## Problem to work on
Write out, without any change, the lines in the material below that run from the line with "Fast Food Restaurant" through the line with "10 consejos sencillos", both included.

——

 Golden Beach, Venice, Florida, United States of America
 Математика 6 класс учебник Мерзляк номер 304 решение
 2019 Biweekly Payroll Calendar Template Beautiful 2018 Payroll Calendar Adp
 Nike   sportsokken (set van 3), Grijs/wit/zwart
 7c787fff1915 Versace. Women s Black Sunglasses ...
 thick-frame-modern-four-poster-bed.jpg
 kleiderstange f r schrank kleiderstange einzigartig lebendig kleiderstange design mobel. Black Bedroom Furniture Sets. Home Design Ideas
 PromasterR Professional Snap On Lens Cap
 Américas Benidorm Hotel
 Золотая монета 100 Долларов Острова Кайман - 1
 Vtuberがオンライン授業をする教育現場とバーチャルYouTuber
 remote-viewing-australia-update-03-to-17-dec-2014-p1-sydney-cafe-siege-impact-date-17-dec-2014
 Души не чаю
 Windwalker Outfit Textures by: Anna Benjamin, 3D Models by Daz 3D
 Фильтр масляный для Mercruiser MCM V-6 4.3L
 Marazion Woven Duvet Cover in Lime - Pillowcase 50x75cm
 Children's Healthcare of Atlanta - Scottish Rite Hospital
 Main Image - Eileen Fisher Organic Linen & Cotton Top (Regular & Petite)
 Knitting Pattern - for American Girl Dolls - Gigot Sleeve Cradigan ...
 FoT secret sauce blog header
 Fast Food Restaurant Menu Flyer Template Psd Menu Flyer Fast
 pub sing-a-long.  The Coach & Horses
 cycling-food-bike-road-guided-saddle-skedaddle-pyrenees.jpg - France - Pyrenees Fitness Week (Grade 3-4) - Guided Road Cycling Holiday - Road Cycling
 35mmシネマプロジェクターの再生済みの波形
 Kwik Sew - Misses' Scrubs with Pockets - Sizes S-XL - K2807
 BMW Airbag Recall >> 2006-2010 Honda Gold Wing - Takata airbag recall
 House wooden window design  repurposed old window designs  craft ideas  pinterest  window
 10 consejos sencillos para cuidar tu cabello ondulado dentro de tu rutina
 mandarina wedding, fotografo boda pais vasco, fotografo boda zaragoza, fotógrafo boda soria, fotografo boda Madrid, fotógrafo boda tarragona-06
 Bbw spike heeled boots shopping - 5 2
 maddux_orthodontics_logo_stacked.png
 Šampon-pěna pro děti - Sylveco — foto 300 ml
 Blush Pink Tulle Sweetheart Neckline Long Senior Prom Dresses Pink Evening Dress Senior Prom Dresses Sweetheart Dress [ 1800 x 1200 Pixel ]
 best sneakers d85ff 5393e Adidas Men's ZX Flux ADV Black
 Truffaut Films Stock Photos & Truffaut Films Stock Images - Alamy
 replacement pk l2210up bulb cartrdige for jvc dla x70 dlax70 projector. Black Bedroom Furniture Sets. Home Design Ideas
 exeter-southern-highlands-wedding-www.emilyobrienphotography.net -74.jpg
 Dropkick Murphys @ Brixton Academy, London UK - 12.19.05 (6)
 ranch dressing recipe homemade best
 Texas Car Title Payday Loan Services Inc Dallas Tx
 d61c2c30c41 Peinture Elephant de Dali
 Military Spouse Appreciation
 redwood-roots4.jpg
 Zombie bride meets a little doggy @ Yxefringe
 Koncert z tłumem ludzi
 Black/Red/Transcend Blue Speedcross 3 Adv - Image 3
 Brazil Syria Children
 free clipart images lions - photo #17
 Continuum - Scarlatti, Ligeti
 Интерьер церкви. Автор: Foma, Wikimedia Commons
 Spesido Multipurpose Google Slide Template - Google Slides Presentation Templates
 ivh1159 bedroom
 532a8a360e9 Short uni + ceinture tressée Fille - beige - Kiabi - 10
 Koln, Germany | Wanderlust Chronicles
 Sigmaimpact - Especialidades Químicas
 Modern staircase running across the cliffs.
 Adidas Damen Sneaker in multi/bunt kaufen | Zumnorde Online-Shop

——

## Answer box
 Fast Food Restaurant Menu Flyer Template Psd Menu Flyer Fast
 pub sing-a-long.  The Coach & Horses
 cycling-food-bike-road-guided-saddle-skedaddle-pyrenees.jpg - France - Pyrenees Fitness Week (Grade 3-4) - Guided Road Cycling Holiday - Road Cycling
 35mmシネマプロジェクターの再生済みの波形
 Kwik Sew - Misses' Scrubs with Pockets - Sizes S-XL - K2807
 BMW Airbag Recall >> 2006-2010 Honda Gold Wing - Takata airbag recall
 House wooden window design  repurposed old window designs  craft ideas  pinterest  window
 10 consejos sencillos para cuidar tu cabello ondulado dentro de tu rutina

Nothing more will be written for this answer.